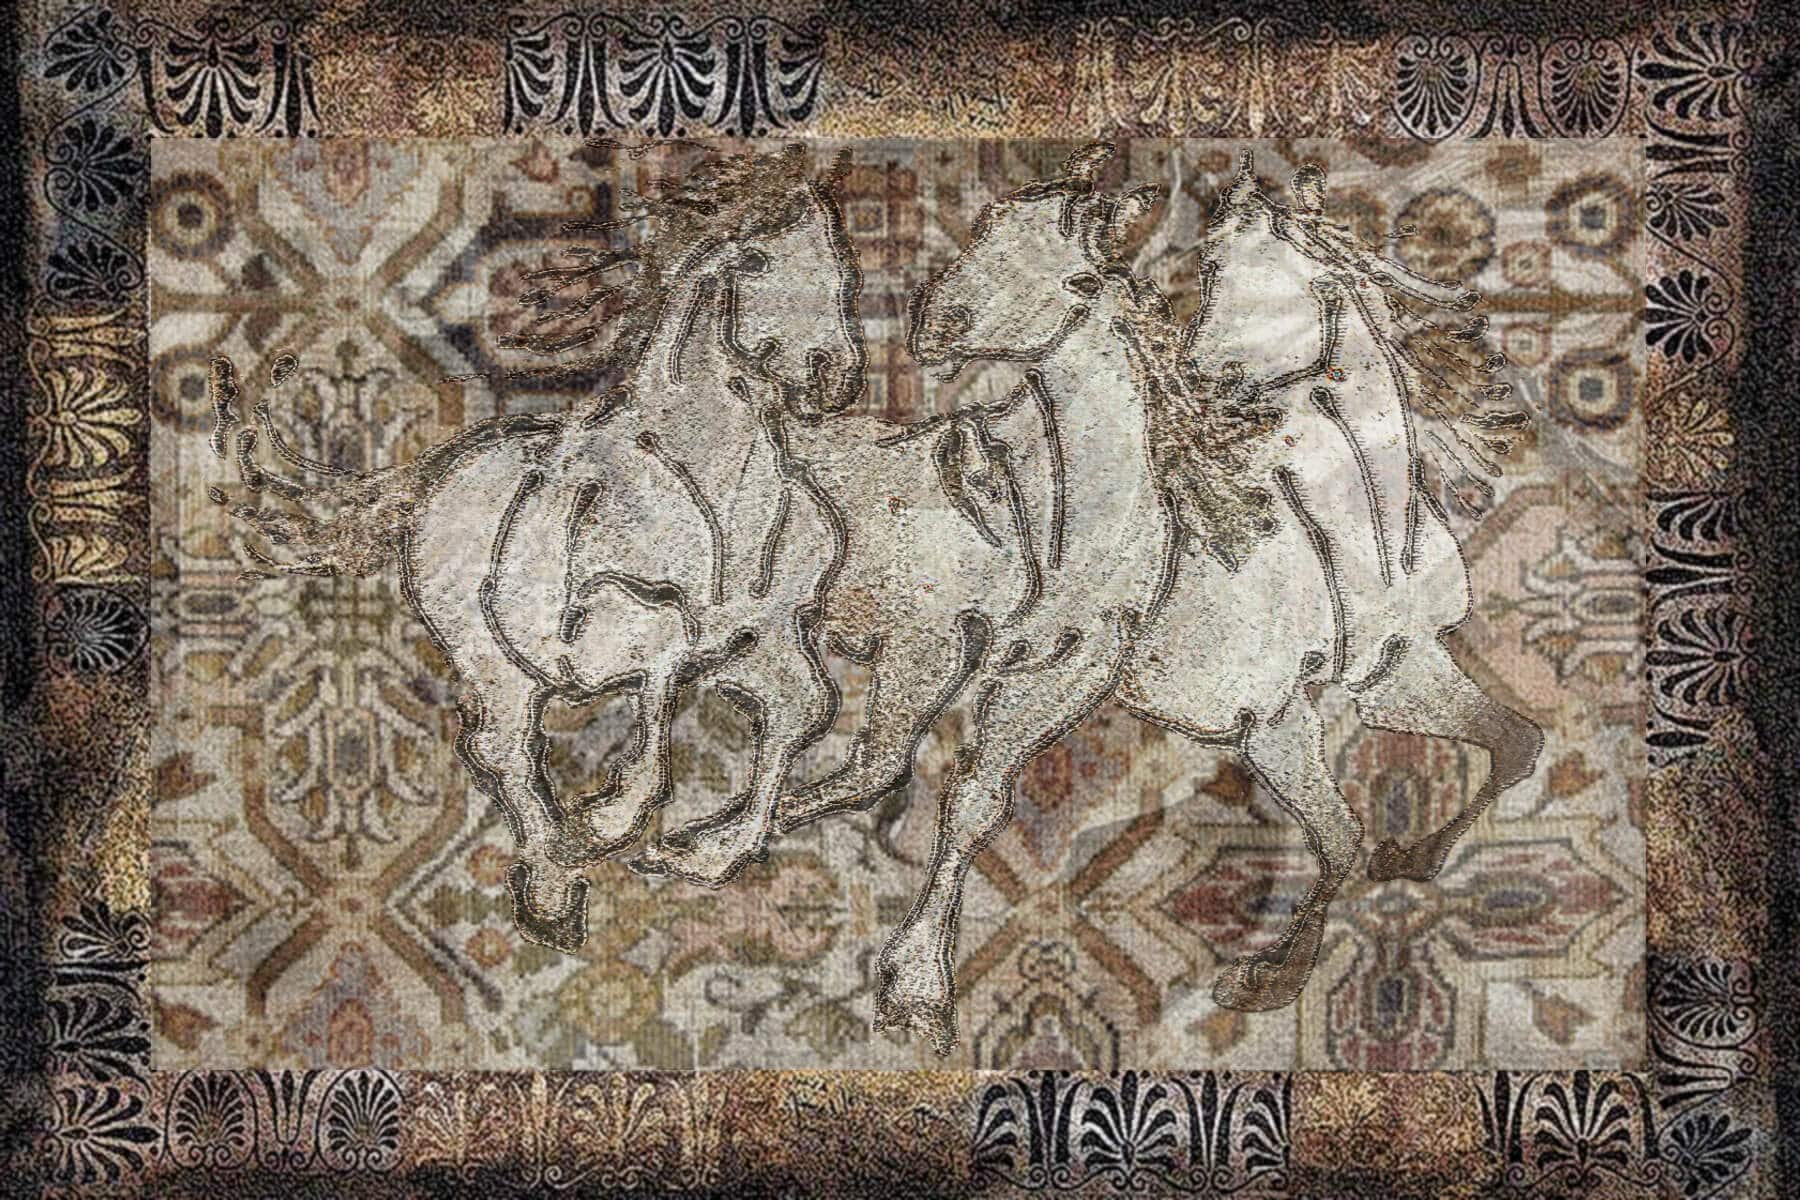 Running horses on a tapestry
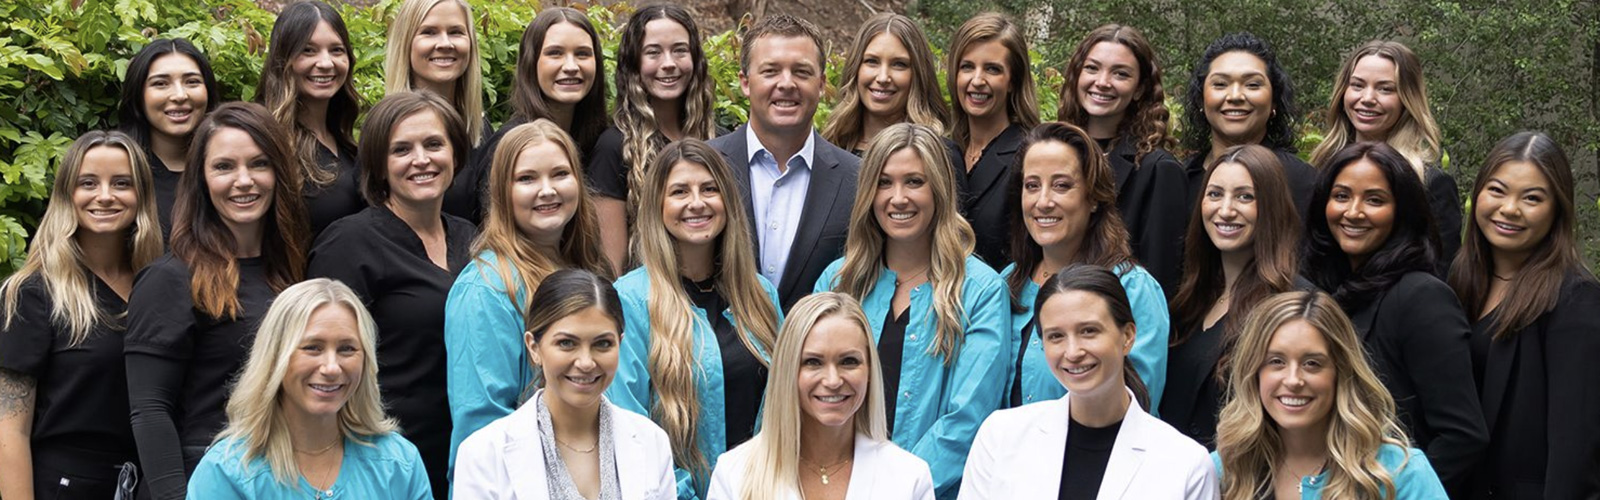 Sedation Dentistry Is the Key to Success for This California Dental Practice
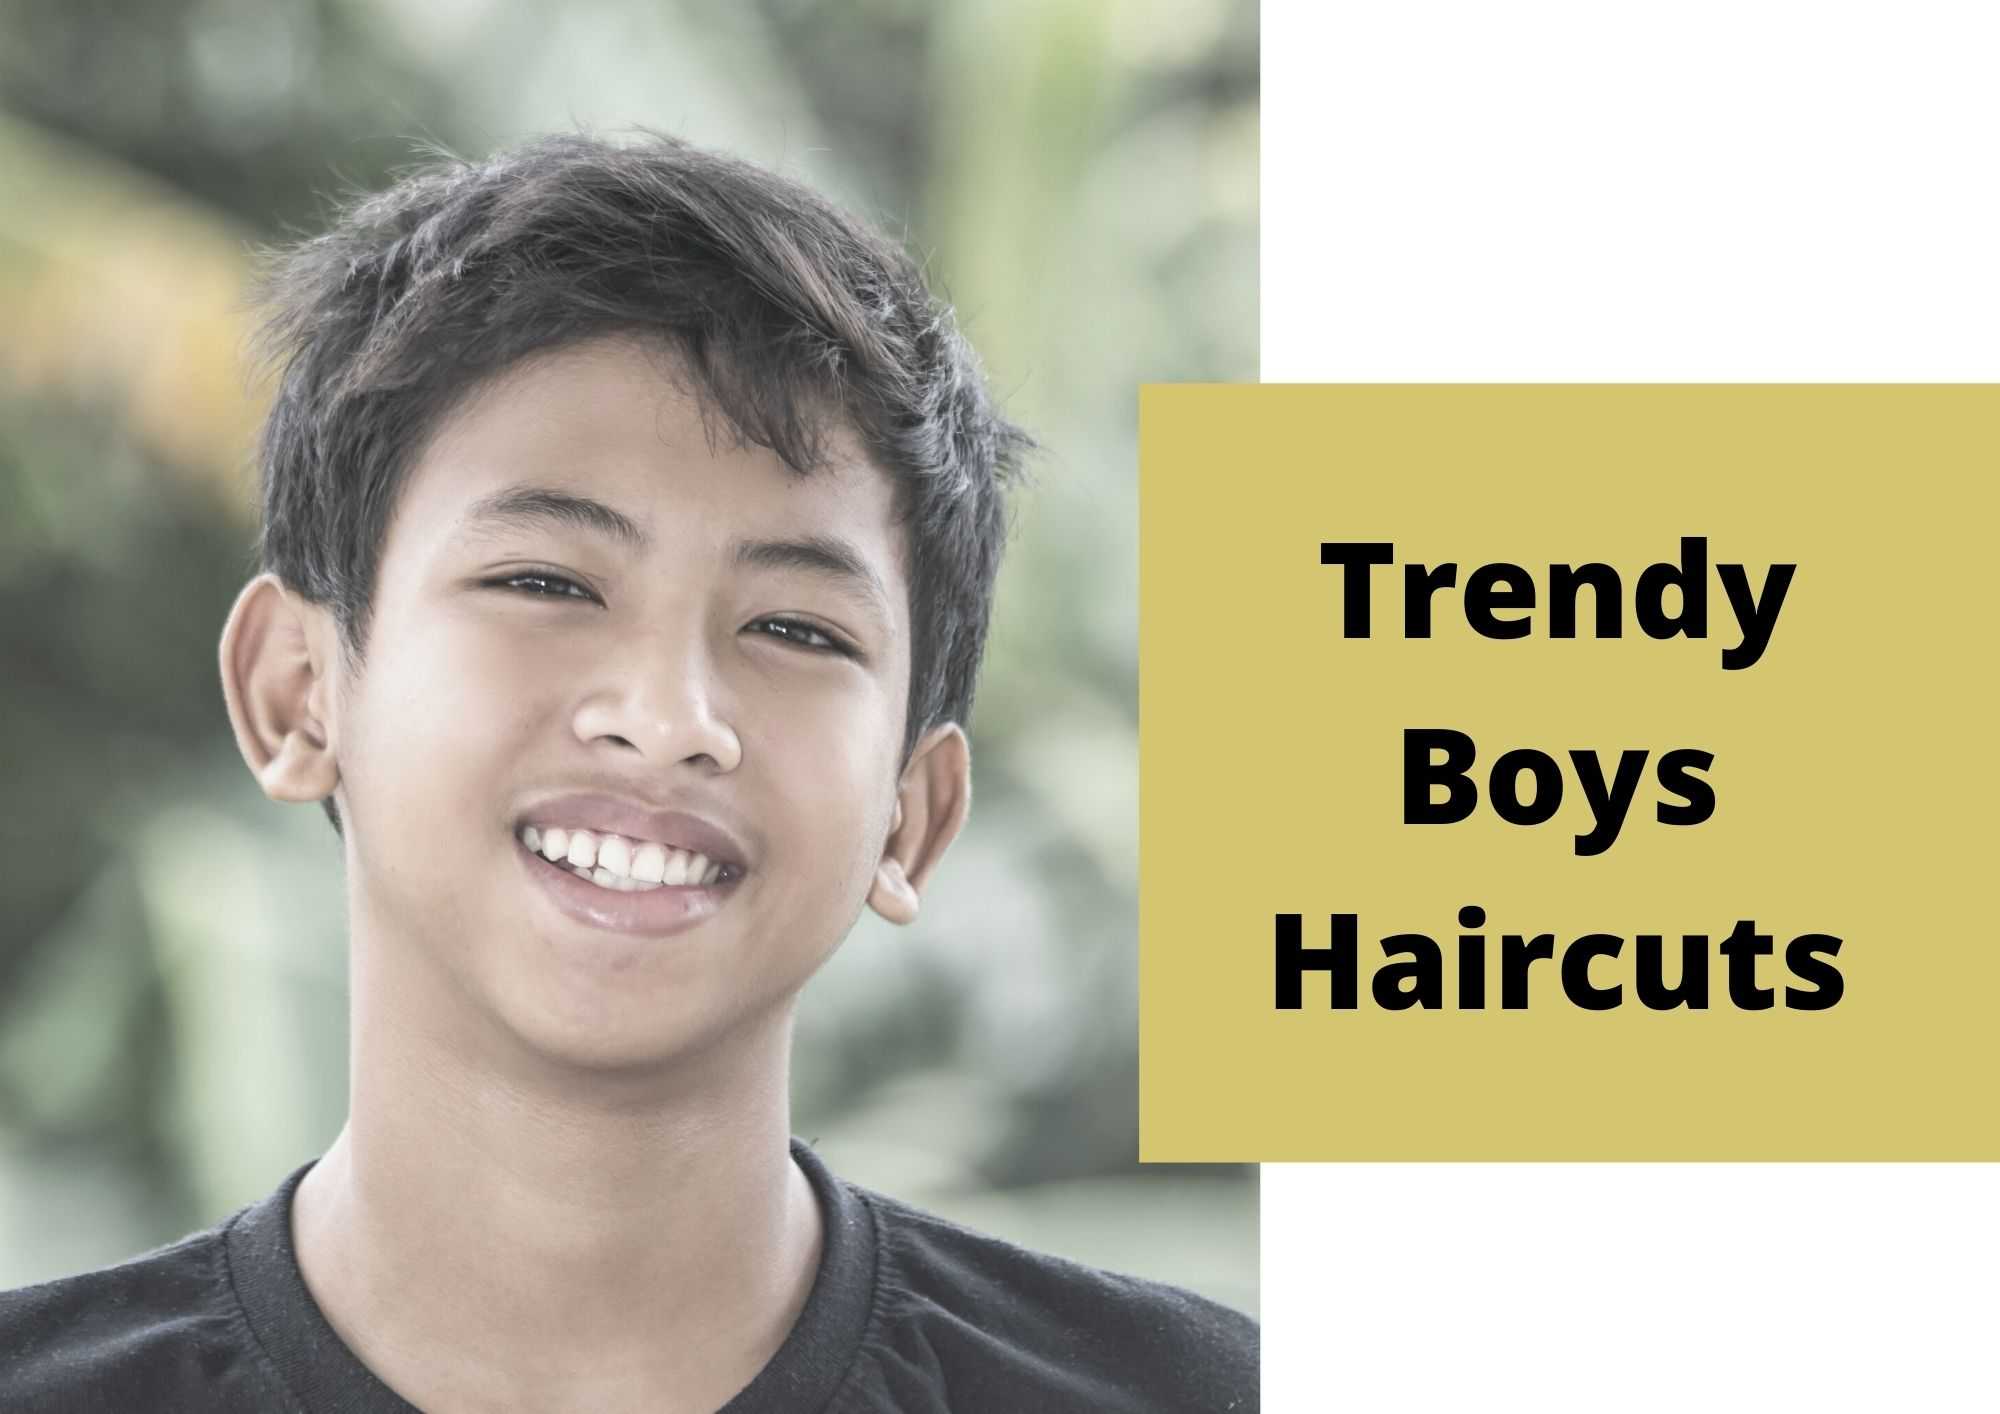 15 Stylish Longer Haircuts for Boys in 2023 - The Trend Spotter
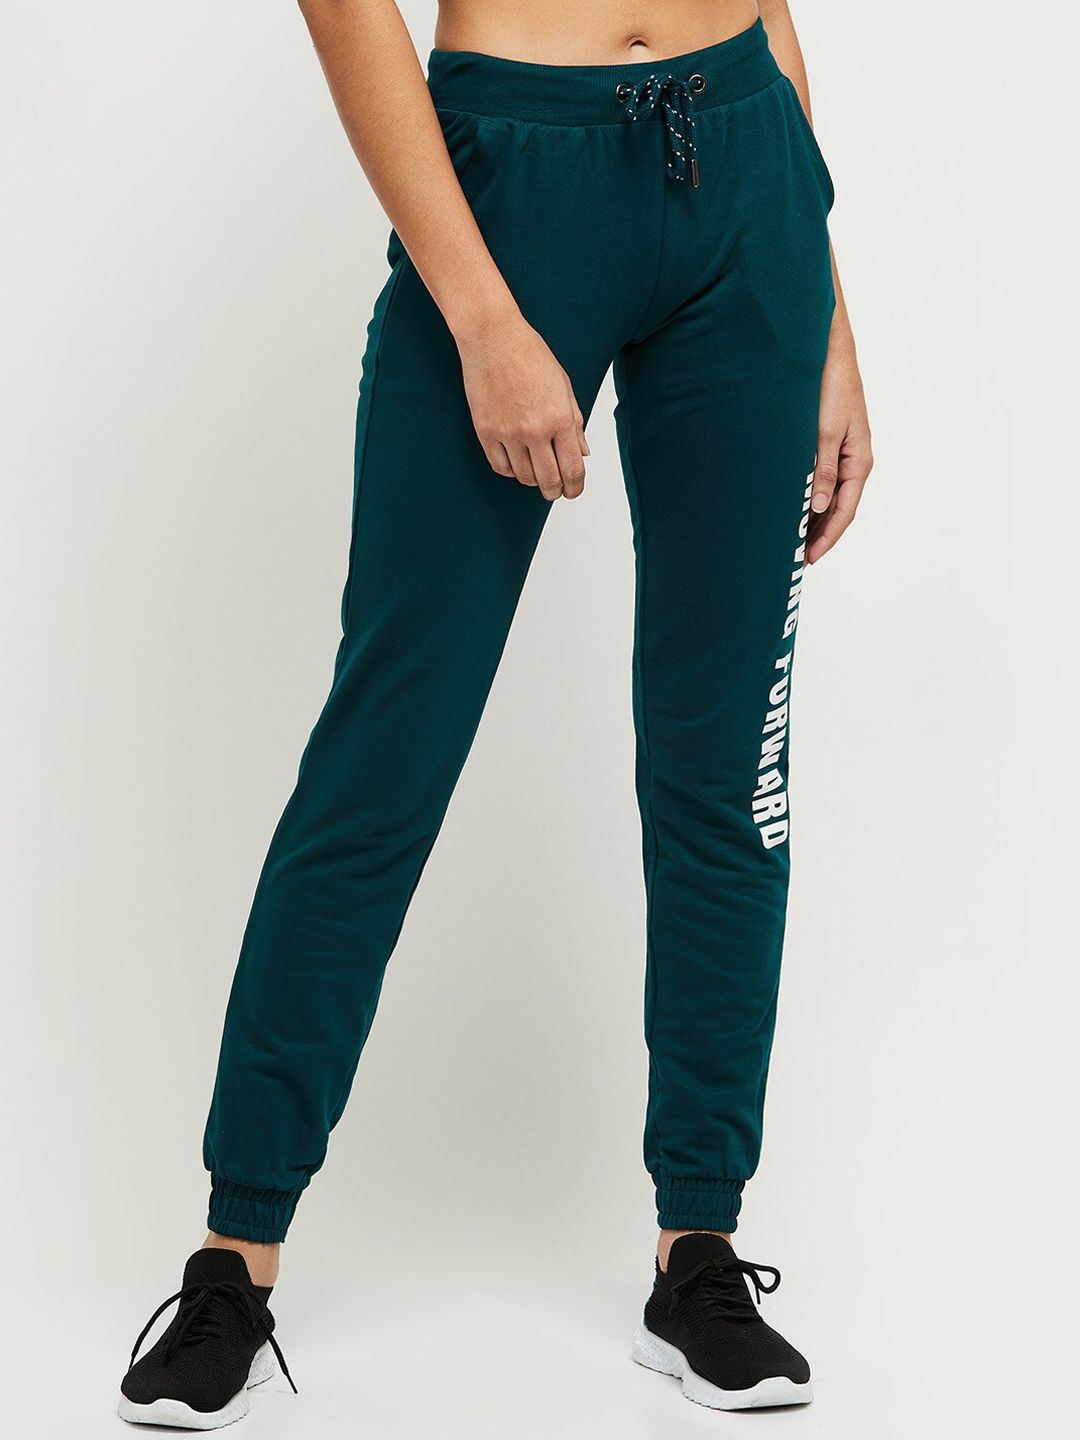 max Women Green Solid Track Pants Price in India

What is required:
Return each line of the material exactly as written; exclude the pictures.

Exercise result:
 Running horses on a tapestry
 Sedation Dentistry Is the Key to Success for This California Dental Practice
 15 Stylish Longer Haircuts for Boys in 2023 - The Trend Spotter
 max Women Green Solid Track Pants Price in India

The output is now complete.